Lone Star of the West

October 14, 2015

The famous Old West entertainer, Lotta Crabtree

Lotta Crabtree was one of the most sought after entertainers in the Old West. Prospectors, settlers, politicians, and businessmen braved the elements to wait in long lines to purchase a ticket to see the talented actress and dancer perform. Lotta’s mother, Mary Ann, managed her career and finances from an early age and helped make her not only the most famous Gold Rush thespian, but one of the most wealthy.
Mary Ann’s duties as agent and promoter often spilled over into Lotta’s personal life. Suitors who might have fallen in love with the gifted performer were discouraged from entering into a relationship with her. Mary Ann believed her prime objective was to protect her daughter’s long term interests on the stage. Under her mother’s watchful eye Lotta was hustled directly to performances and home again.
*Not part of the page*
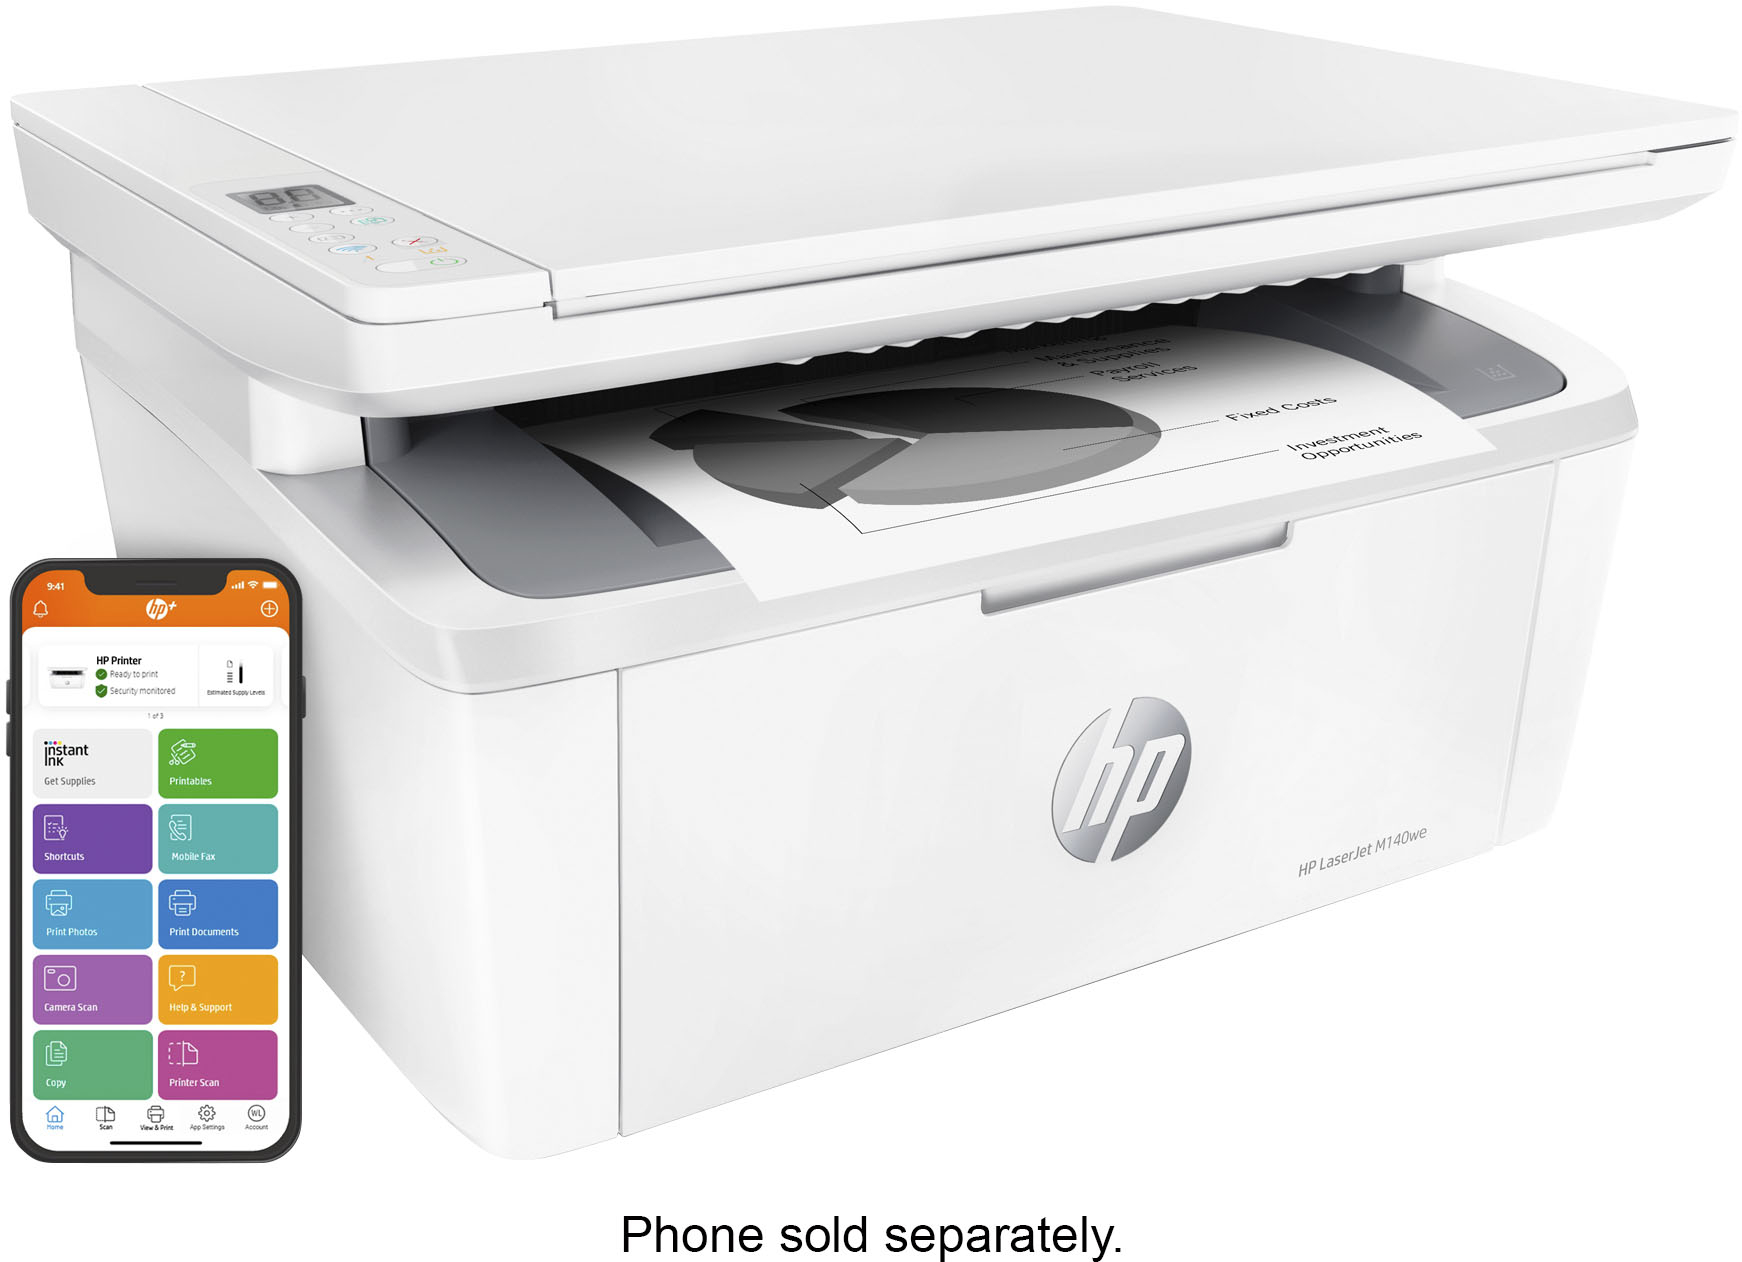 HP LaserJet MFP M139we Wireless Black & White Laser Printer with 6 Months  of Instant Ink included with HP+

A supporting player in one of the stage plays Lotta performed in said she was “guarded like an odalisque in a harem.” Most people referred to the cheerful Lotta as “Miss Lotta, the Unapproachable.” Once, toward evening in the summer, a young man with a horse and carriage called to take her riding. Mary Ann sent him away quickly, but for days afterwards, following dinner, Lotta contrived to sweep the front porch in case he should return. Unhappily, he did not.
Lotta Crabtree died of arteriosclerosis in 1924 at the age of seventy-seven. She left the sizeable estate her mother helped her secure to veterans, animals, students of music and agriculture, needy children at Christmas time, and needy actors. She was buried next to her mother in Woodlawn Cemetery in New York City. Regardless of the men who hoped to persuade Lotta to fall in love with them and spend the rest of their life in her company, she never married.
And now, a few love lessons learned by Lotta Crabtree:

  1. If your mother is your theatrical manager, make sure her managerial duties do not extend into your personal life.
  2. Take time away from work and from family. Lotta worked constantly from the time she turned six-years-old until she retired at the age of thirty-eight. Any vacation was spent with her mother, brothers, or both. Any hope a potential suitor might have had for a romantic moment with Lotta was dashed by the ever present Crabtrees.
  3. Attend more parties hosted by Jack Crabtree. The parties Lotta’s brother hosted were a favorite with Broadway celebrities, musicians, and champion athletes. The chances of meeting someone special without Mary Ann looking on were good.
  4. Give yourself an allowance to spend any way you like. Mary Ann was instrumental in making sure Lotta’s earnings were wisely invested, but the scrutiny she had over the funds limited Lotta’s fun.
  5. Your love life will suffer when you put your career and your mother first.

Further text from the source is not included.